ACTIVITY: A faithful copy is needed of the lines below from the one with "b8bfd4c668a8 Женская кожаная" up to and including the one with "LEGO Knights Nexo"; set it down with no pictures and no other lines.

INFORMATION:
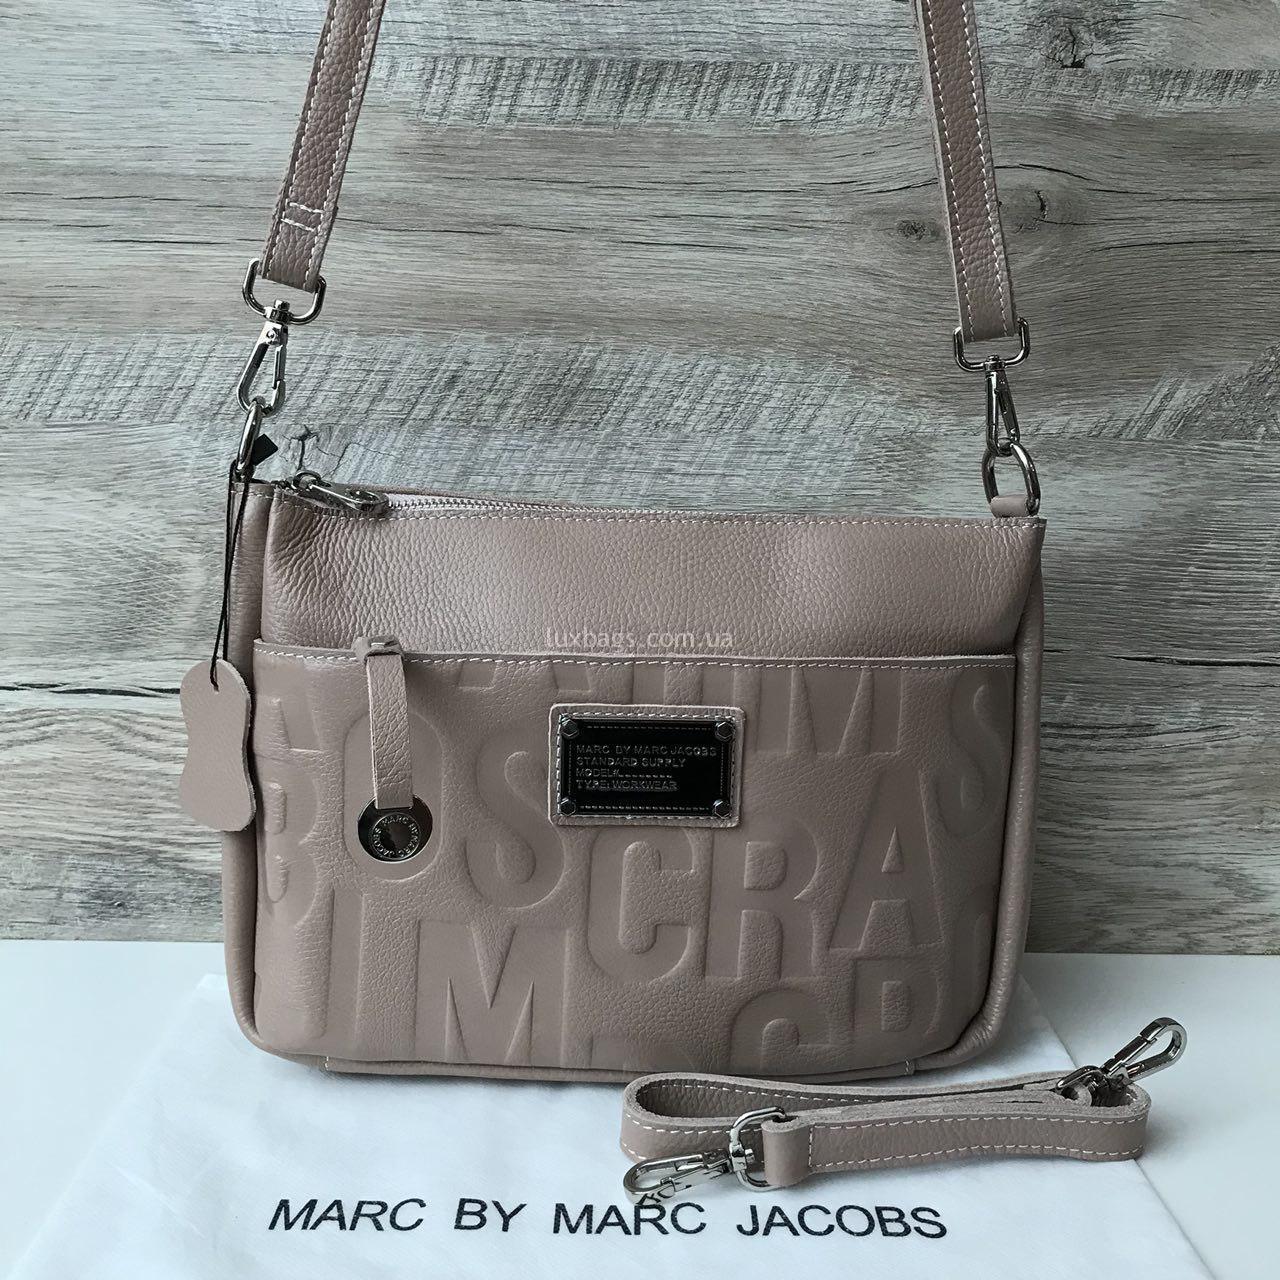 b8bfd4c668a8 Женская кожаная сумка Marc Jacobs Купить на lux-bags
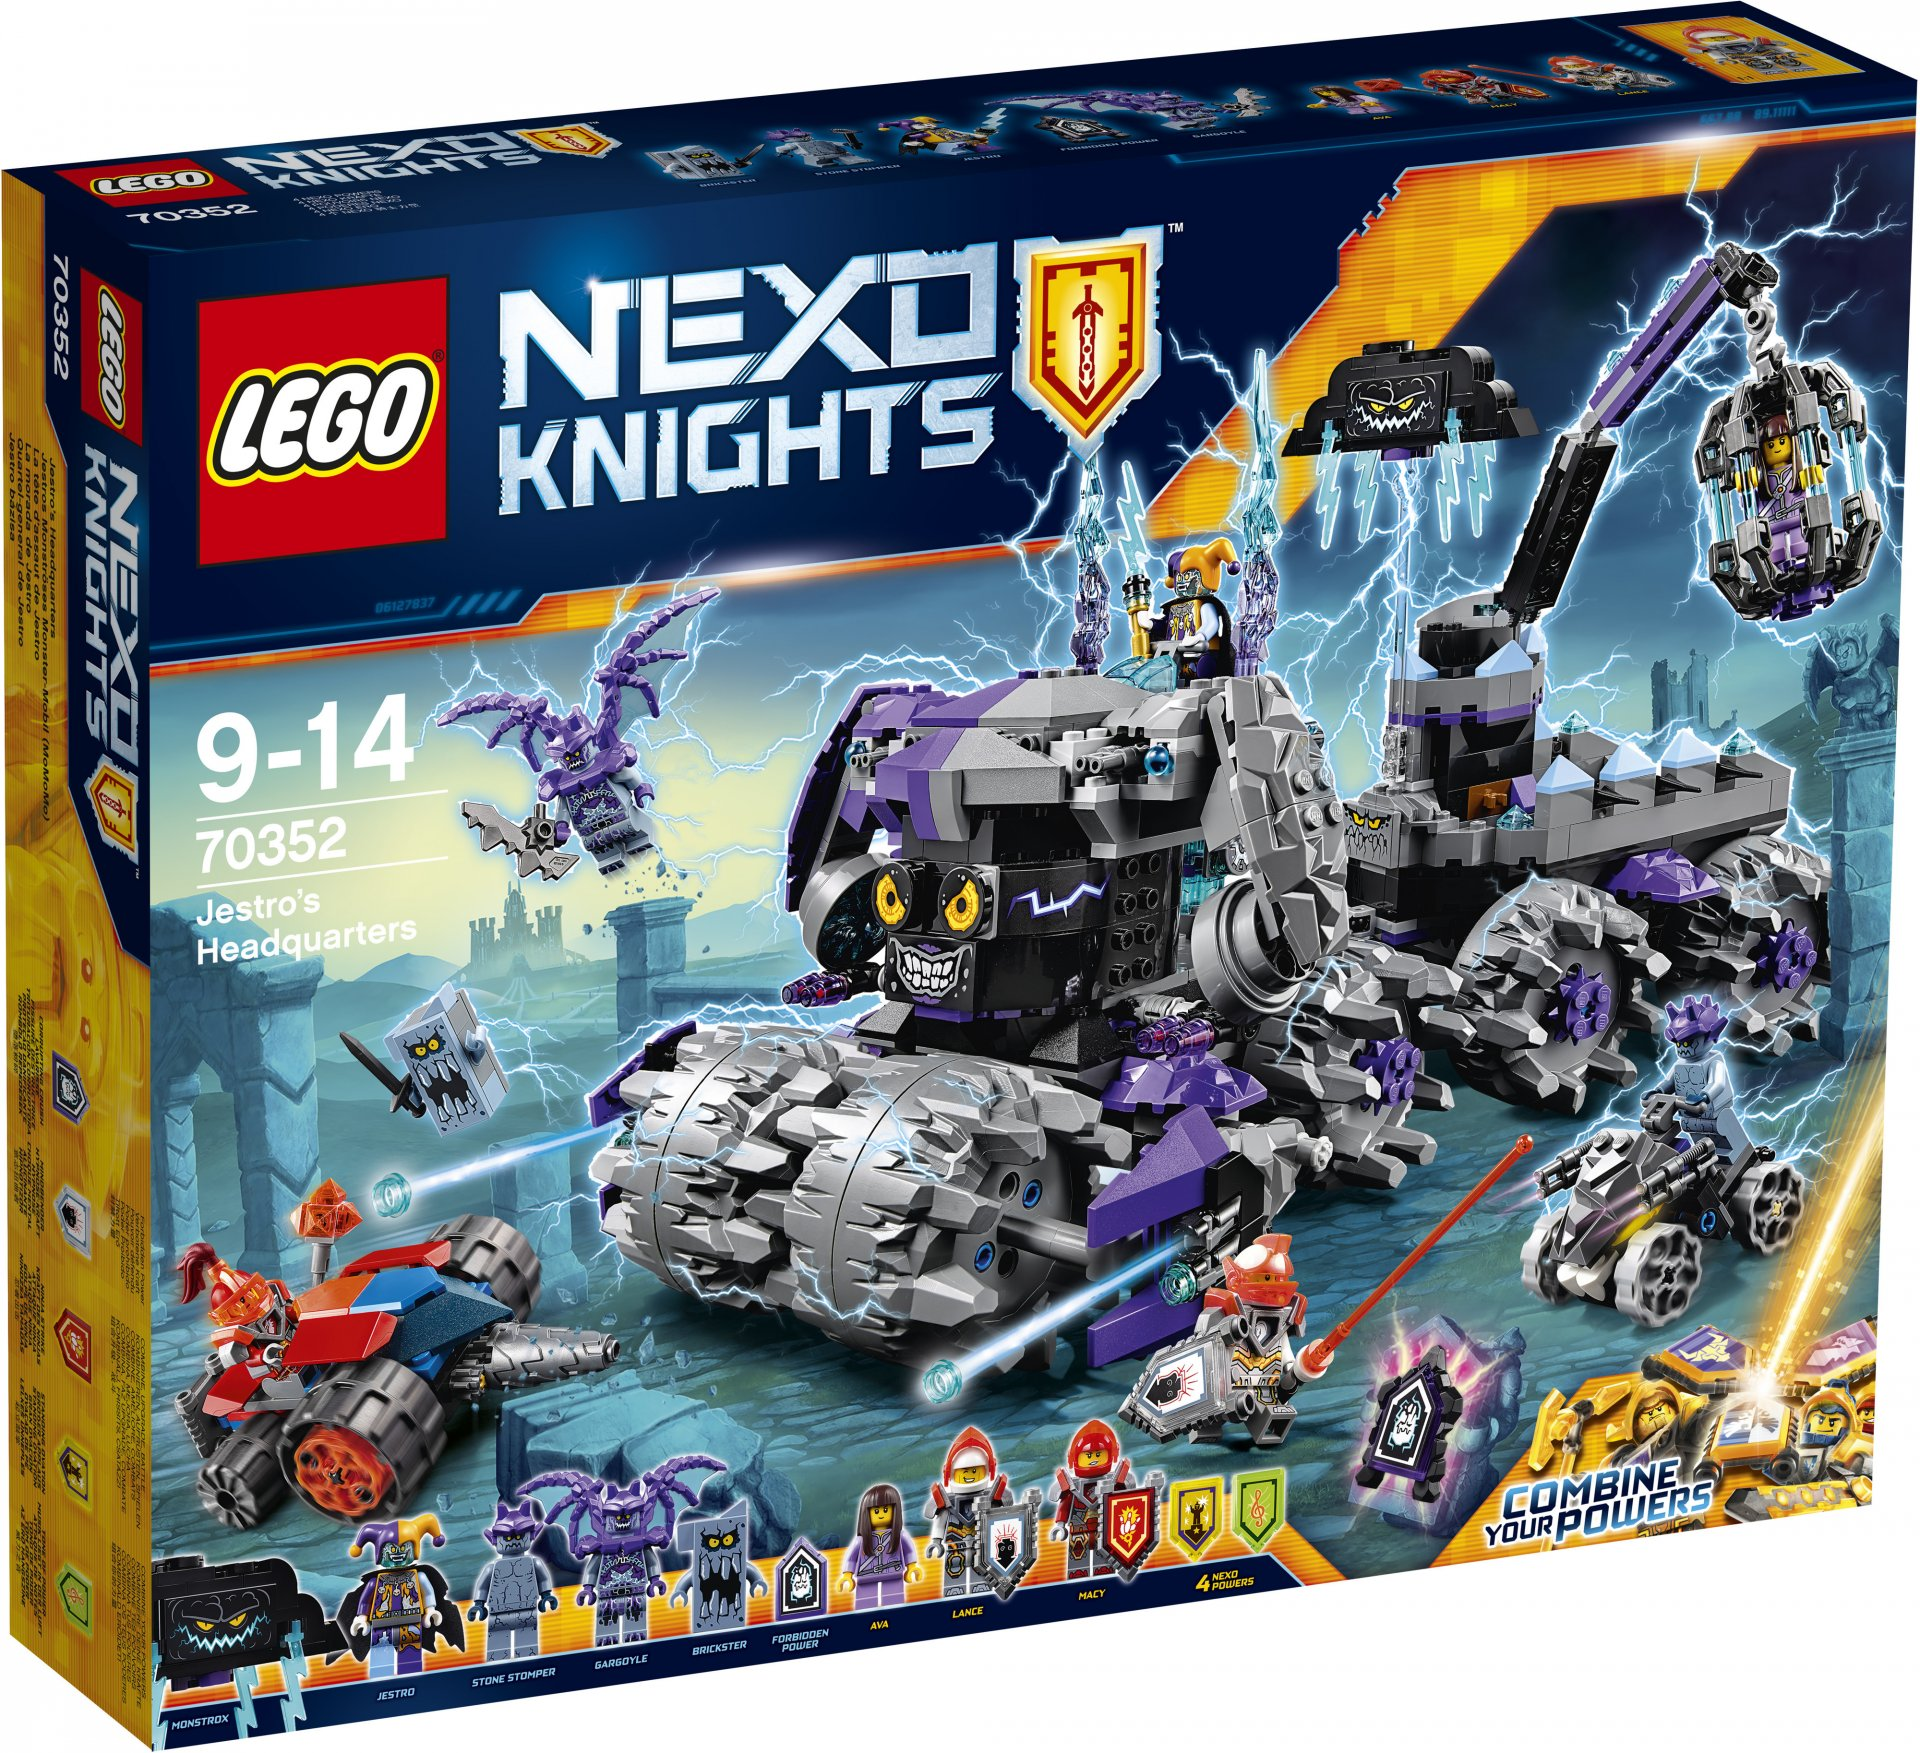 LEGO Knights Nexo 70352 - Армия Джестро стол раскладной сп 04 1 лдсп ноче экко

--

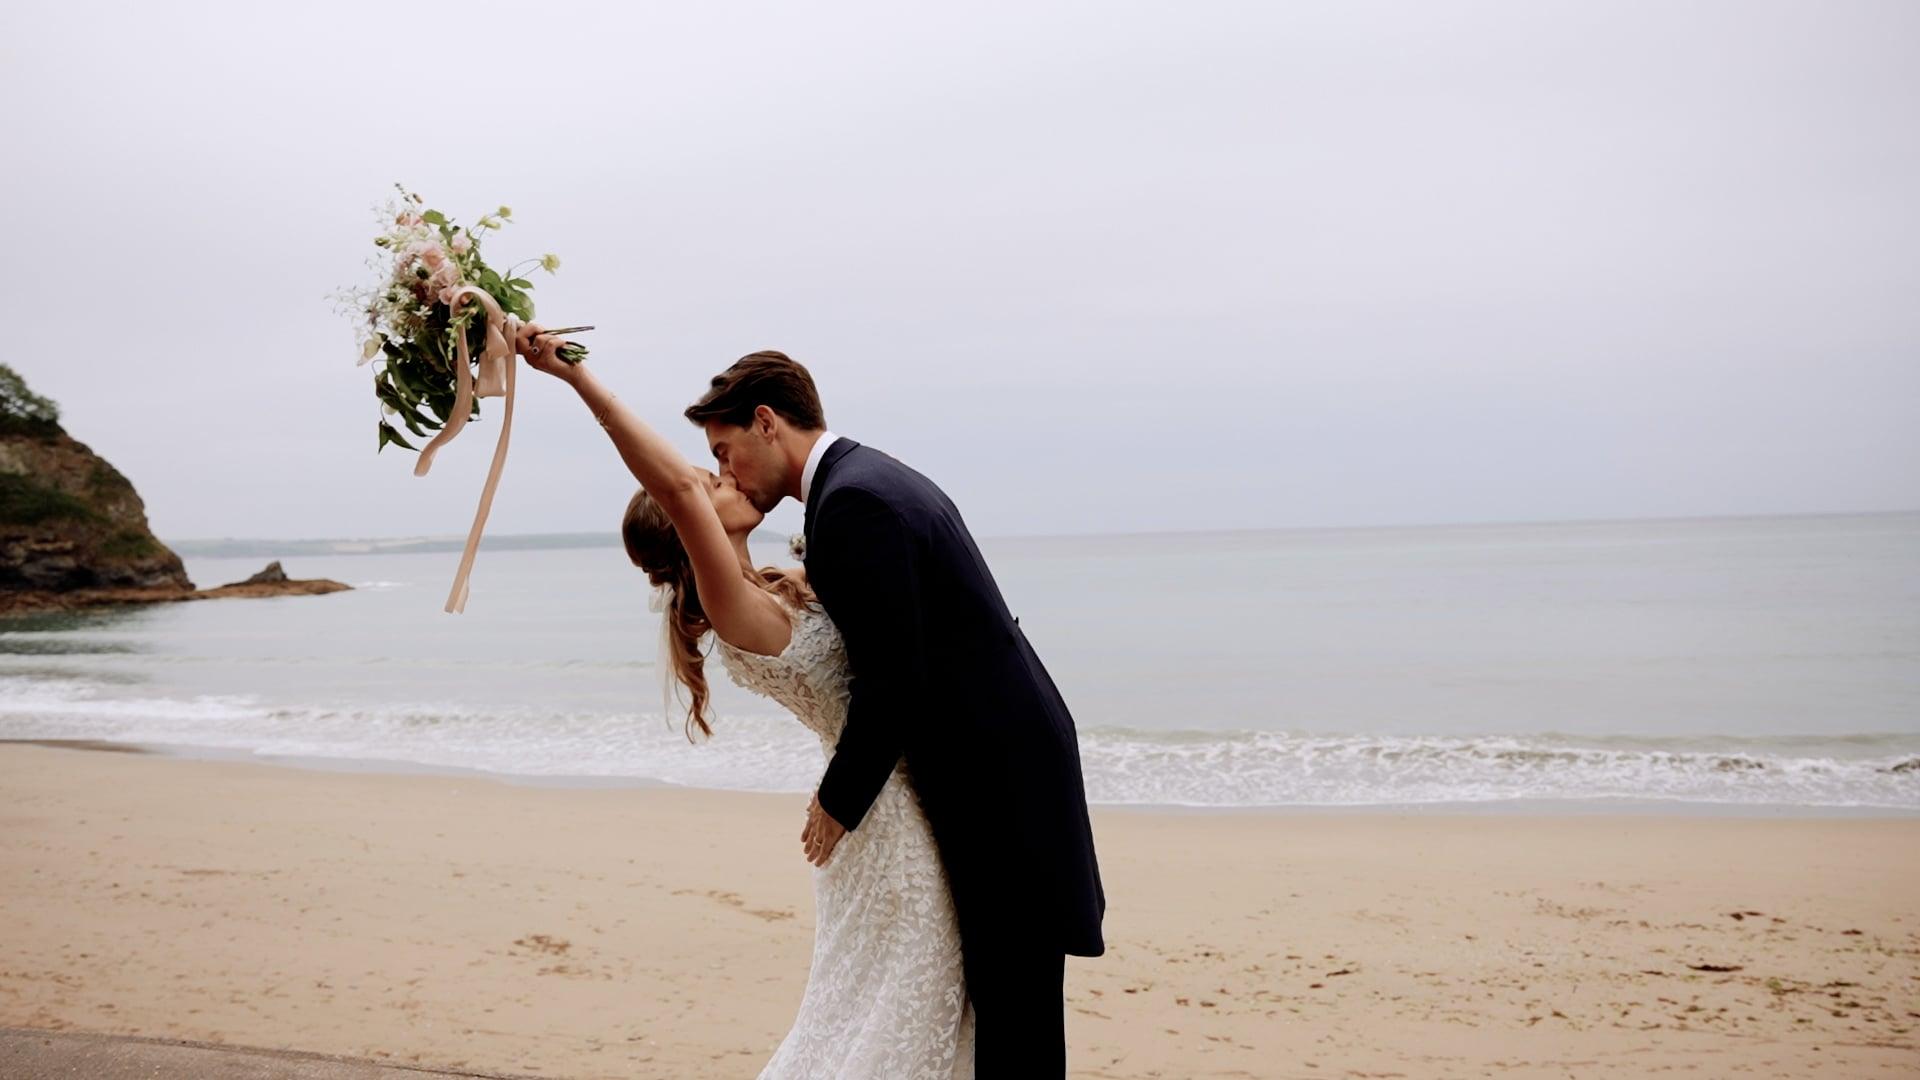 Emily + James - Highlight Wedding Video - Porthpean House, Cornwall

SOLUTION FOR THIS PROBLEM:
 b8bfd4c668a8 Женская кожаная сумка Marc Jacobs Купить на lux-bags
 LEGO Knights Nexo 70352 - Армия Джестро стол раскладной сп 04 1 лдсп ноче экко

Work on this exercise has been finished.